It is unseasonably cool, chilly even, a stiff breeze coming in off the Cape Fear as the cab rolls along Water Street to the train station. It will be colder up there, Harry knows, snow eventually, and his coat will be inadequate. Perhaps his first purchase in the great city. He has only the new-bought wall trunk and his old leather satchel, amazed at how few possessions seemed vital enough to warrant inclusion. The wheel shop is only padlocked, no sign indicating his absence or likely return.
The familiar sights roll by—Harry knows the owners of most of the commercial properties, the residents of at least half of the private dwellings—and he muses that away from the noise and smell of riverside industry Wilmington is a lovely town. But compared to the northern metropolis he has read and imagined so much about, only that. A town.
He wonders if there will be trees.
The cabman is one of the sullen rather than cheerful types, a tubercular old negro who sighed and staggered dramatically as he lifted the snugly packed trunk into his vehicle. His horse needs washing. The Judge will be at his Front Street club now, trading stories with his contemporaries, and then on to his nap in the leather chair by the south window. Harry’s note, rewritten several times and left at home in the Judge’s box by the door, presents an orderly rationale for his departure. Harry is not, in fact, getting any younger. Opportunities do exist, up there, which may never be available in Wilmington. And it is his own money, after all, that is being ventured, his own life to lead.
And yet he feels furtive as they pass the busy Sprunt works, cotton press slamming bales together, and roll into the yard before the Atlantic Coast Line depot.
“Wait here a moment, please,” he says to the moping cabman as he carefully lowers himself to the ground. Train schedules have been known to change.
He does not recognize the station agent, which is a blessing. Tuck Sim-mons, who mans the booth until noon, is a familiar of the Judge, having procured the position through the old man’s kind agency after his cigar emporium was destroyed, uninsured, in a suspicious blaze. Wilmington is full of such gentlemen, beholden to his father for this or that act of generosity, and as a boy it seemed a wonderful thing. Only lately has it become oppressive, Harry unable to miss, behind the effusive greetings and inquiries as to the Judge’s health, the silent evaluation.
He must be such a disappointment to the old gentleman.
The agent sits behind his window, contemplating the front page of the Messenger and shaking his head.
“Hell in a hand basket,” he mutters before looking up. “Somebody got to make a stand.”
It is suddenly very close, though it is only Harry and the station agent and the empty benches inside. He removes his hat.
“May I inquire,” he begins, though he has three printed schedules folded in his pocket, though he has all but memorized the timetable, “how one would proceed from here to New York City?”
The agent cocks his head to one side, looking Harry over. “My, my, my,” he says, then glances up at something that must be posted on the wall above the window.
“Monday, Wednesday, and Friday there’s a Florida Special coming through, northbound—it leave here at one-ten, stops in Wilson and Rocky Mount before you reach Richmond. At Richmond you change from the ACL to the Richmond, Fredericksburg, and Potomac, take you to Washington. From there you switch to the Pennsylvania Railroad, trains to New York nearly every hour.”

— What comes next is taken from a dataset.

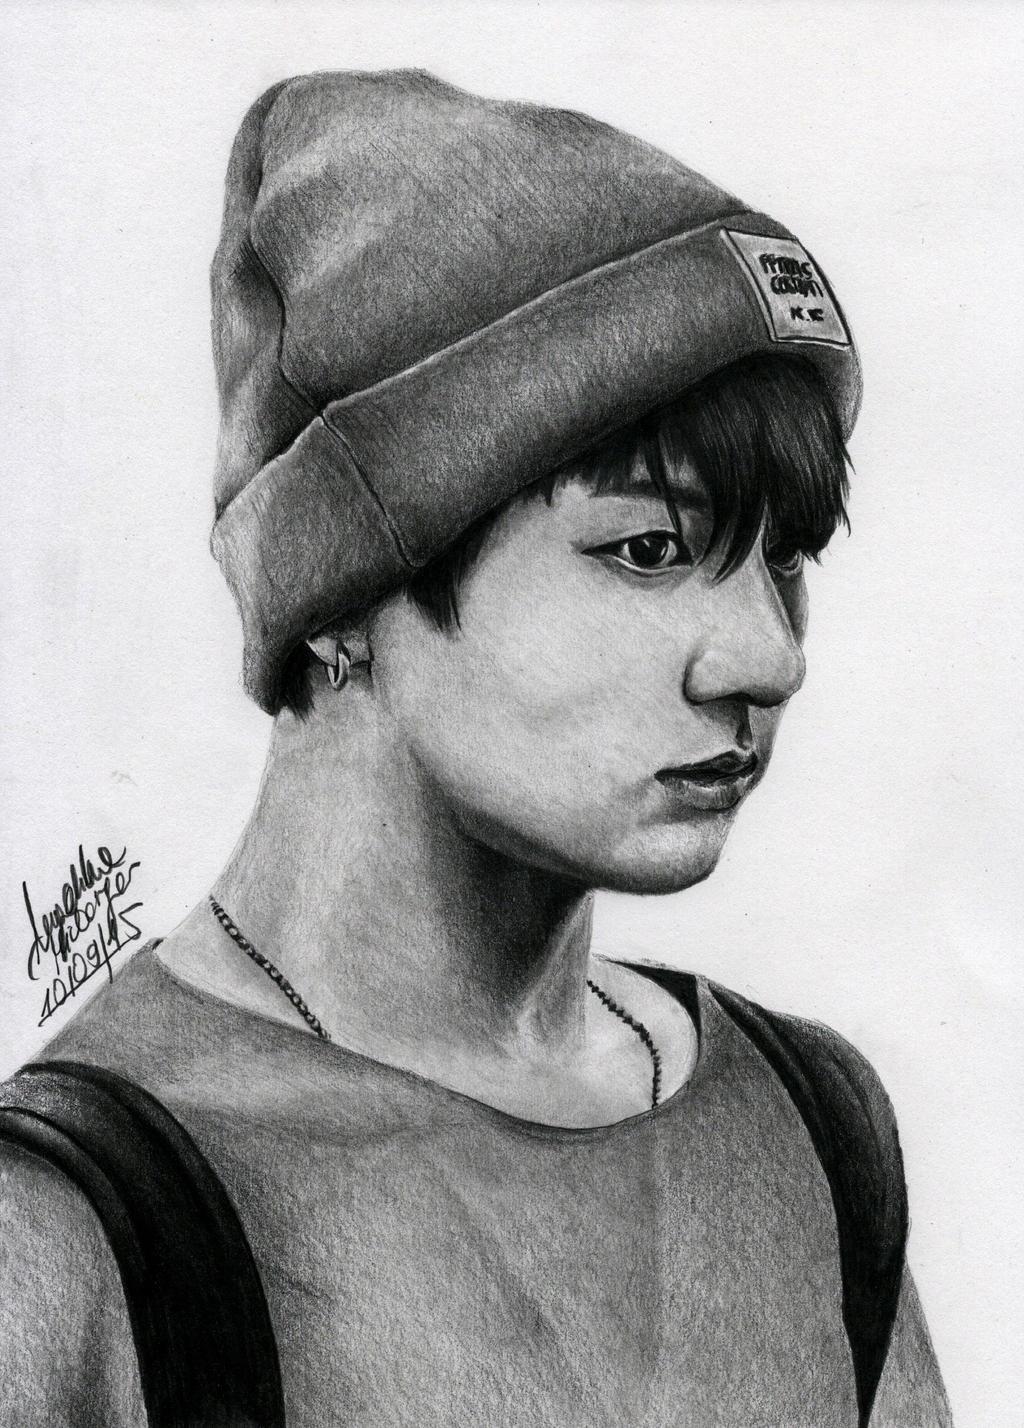 Jungkook Bts Drawings: BTS Jungkook By Angiebelikejolie On DeviantArt

Harry nods at each point of the itinerary. “And the fare?” He has it counted out, folded in an envelope, in another pocket.
“To Richmond, or all the way through?”
“The entire journey.”
“Private compartment?”
“I can share.”
The agent smiles at him. He knows the Judge, knows who Harry is. He must. Harry feels the perspiration on his lip, feels his color coming up. Nobody of his immediate acquaintance, other than Niles, has ever ventured beyond Charlottesville, Virginia, and certainly none has entertained the idea of actually living in what the Judge still refers to as “enemy territory.” The few yankees Harry has met—mostly snowbirds on their way to one of Mr. Flagler’s sunshine resorts—have been less intimidating than he expected, though of course not in their native element. All have commented on the charm of an accent he was not aware he possessed, and assured him that he would be regarded in the North as a creature of refreshing novelty. Rara avis.
“If you were to travel on a single ticket,” says the station agent, “it would cost you sixteen dollars and seventy-five cents. Meals not included.”
It will cost me a great deal more than that, thinks Harry. His legs, both the healthy and the malformed one, do not feel as if they can support his weight. Perhaps he is coming down with something.
“I thank you very much,” he says to the agent as if his idle curiosity has been satisfied, then turns to go. His footsteps, uneven as always, sound very loud on the depot floorboards as he makes his retreat. The Judge will be at cigars and brandy by now, and there is ample time to return home and cover his tracks.
The balers at the Sprunt works seem to be operating inside his head as he steps into the yard, pounding, throbbing. He is short of breath. It is the farthest he has gotten, the last attempt only a long sight-seeing ride past the depot and then up to visit his mother’s grave at Pine Forest. He is ashamed of himself, but not enough to turn and march back inside to make the purchase.
“Not today,” Harry smiles sheepishly to the cabman, who does not seem to care.